The reasons that not much is clearly predicted about weather conditions in India are many but two of them are well known. Firstly, South Asian monsoons are one of the hardest natural processes to understand. Secondly, almost all the methods and mechanisms to predict weather are based on Western models. There is no indigenous method for India. As a result of this, most Indian weather forecasts are based more on experience than science. Some progress has been made but still, a lot of work has to be done.

Since India’s lifeline is monsoon, it is always beneficial to understand its basic phenomenon. The northern hemisphere tilts closer to the sun during May. As a result, the land heats and the air above this hot land rises up. Because of this rise of air upwards, trade winds change their course and flow in from the South Arabian sea pushing moisture-laden rain clouds up towards the Western Ghats. This phenomenon brings rains to Kerala and parts of South India. It is because of this phenomenon that every Indian start enquiring about the arrival of rain in Kerala after the middle of June every year.

Now curiosity may arise as to how the rain from Kerala spreads all over India. Winds find gaps in the Western Ghats. As these gaps are filled by wind currents, the air power spreads water-filled clouds across the Indian subcontinent. It is for this reason that environmentalists cry foul whenever government starts disturbing the ecosystem of these Ghats. Such people are saviours of the future, not an antinationalist crowd as is claimed by greedy moneybags.

Monsoons have become erratic over the last seven decades. This has happened because of the supercharged Indian Ocean which has warmed more than any other ocean. Since 1870, the Indian Ocean has warmed by 1.4 degrees Celsius. As a result of the hot ocean, the trade winds have weakened resulting in widespread droughts or excessive rains in the subcontinent. Some people on social media are seen to be over joyous about the plight of Pakistani people begging for flour bags but they forget that similar can happen to the whole subcontinent if monsoons fail even for one single year. We all are sitting on the edge of a dangerous cliff.

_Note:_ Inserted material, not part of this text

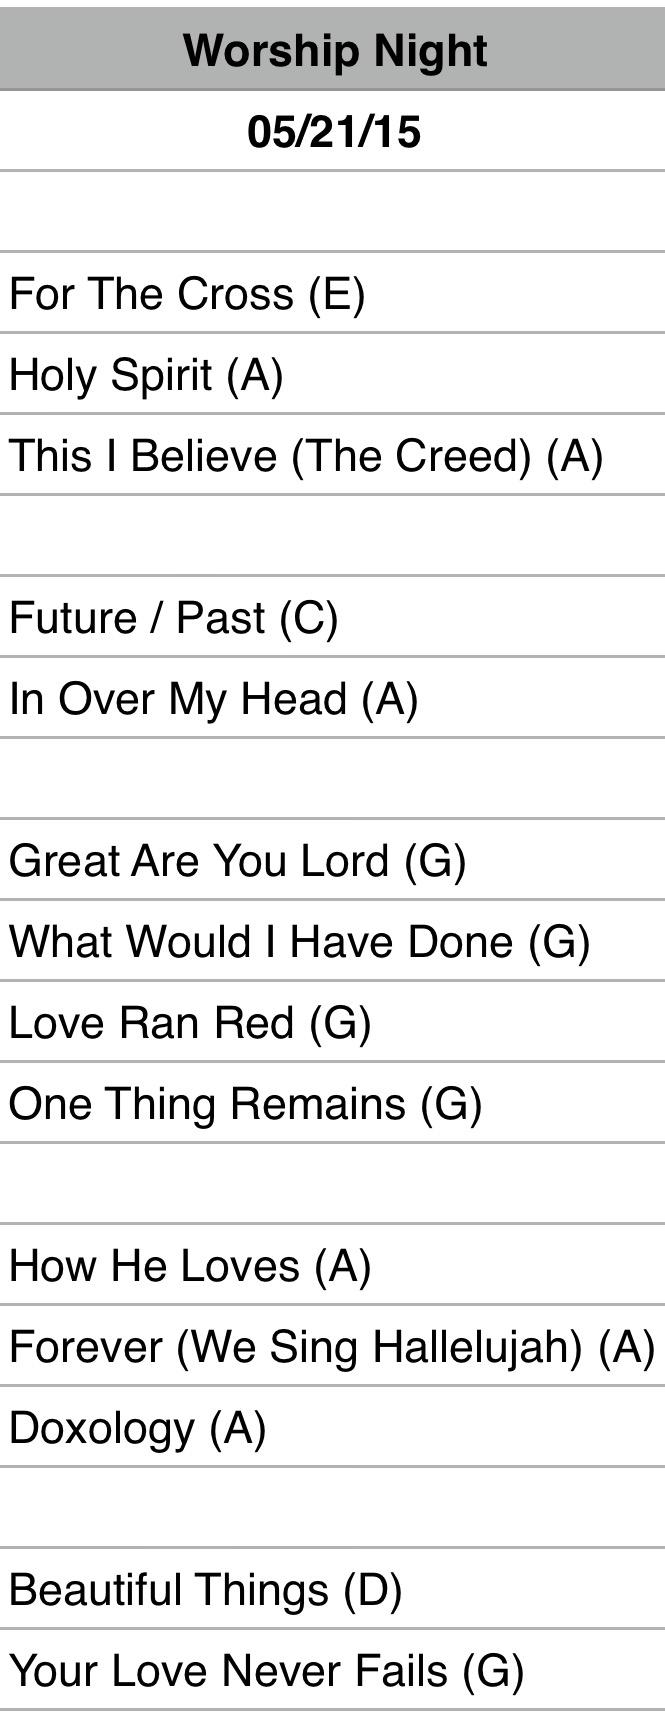 Worship Night Set List 052115

One painful thing about South Asia including India is that it is not prepared for sudden disasters. In Kerala, it is the local population that has created a system of watching the levels of rivers and rain with the help of village volunteers. These people keep a keen look on certain marked levels whenever it rains and warn people on WhatsApp to save themselves are their belongings. As far as the government is concerned, neither the Central nor the state has done anything worthwhile to mention. In India, the future of a political party has become more important than the lives of people hence, it is the blame game which appears more in the public domain than any concrete action plan.

Not many countries are taking global warming seriously except for superfluous talks by political leaders because the majority of the global population has become Godobsessed. People are fighting verbal wars to save the all-powerful, omnipotent gods of their own creation rather than doing something to cool the warming planet. There would be extreme weather events in the not-sodistant future because of huge changes in the oceanic atmosphere. Remember that oceans are a reservoir of continuous heat that supports all weather events including drought, cyclones and downpours across the globe. Scientists know this but they don’t fully understand these changes and their effects on monsoons.

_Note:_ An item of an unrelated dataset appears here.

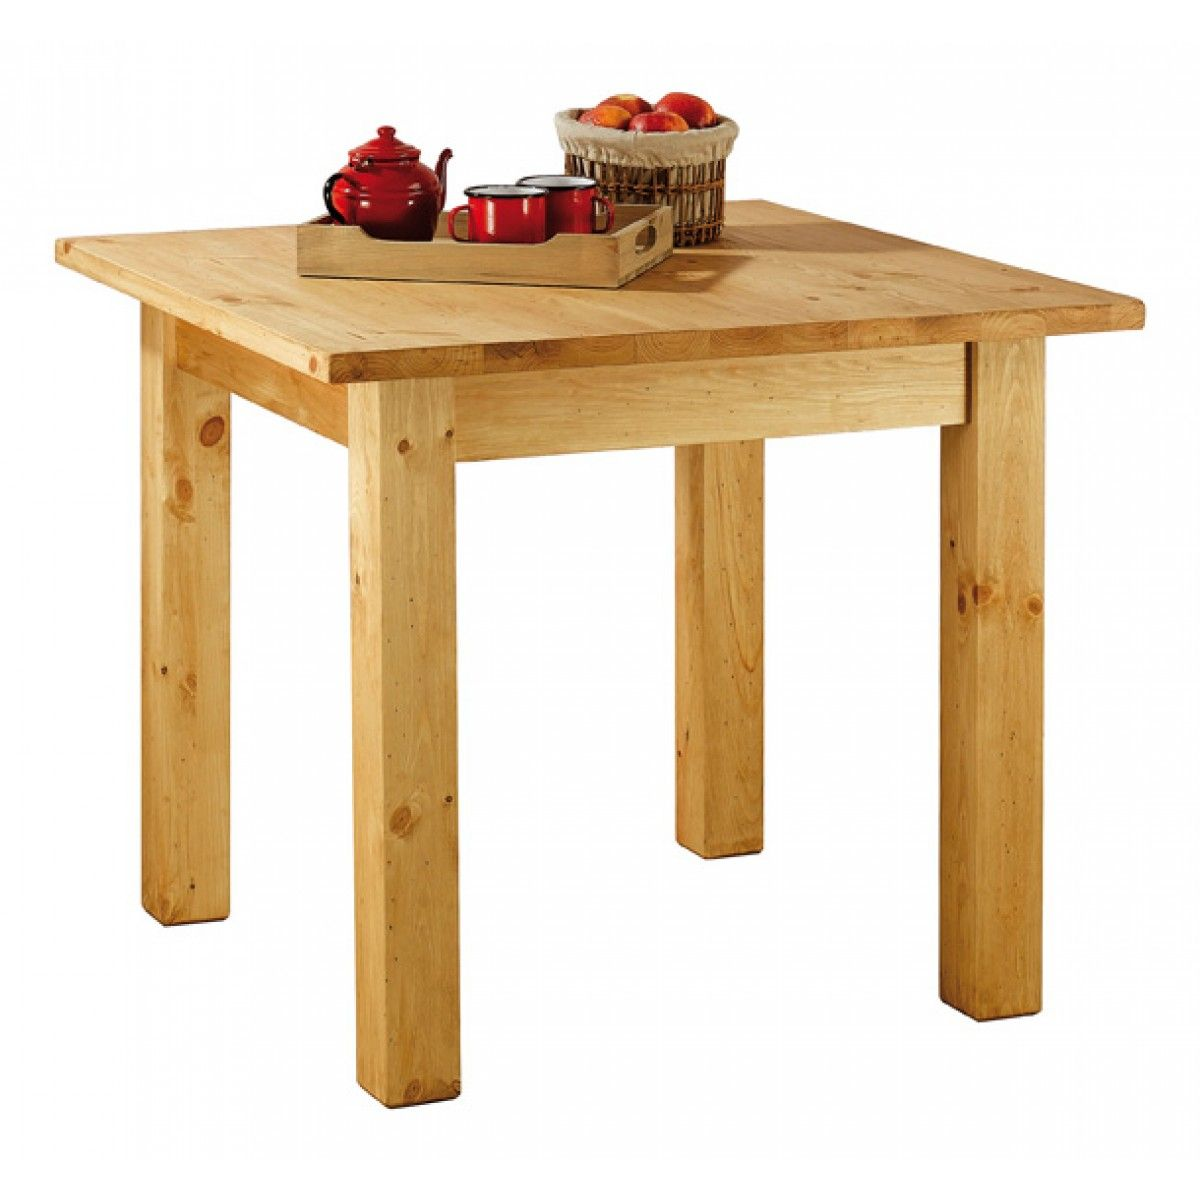 table carrée rustique en pin massif 90 cm farmer | table repas en

South Asia is home to 60 per cent of the global population where people depend on rain for their survival including food and other resources of life. The majority of these people, including the urban well-off population, have no reserve food stock at home. This makes this part of the world highly vulnerable to climatic changes. With political bosses deeply engrossed in power games, it is the duty of every thinking citizen to start taking action at the community level.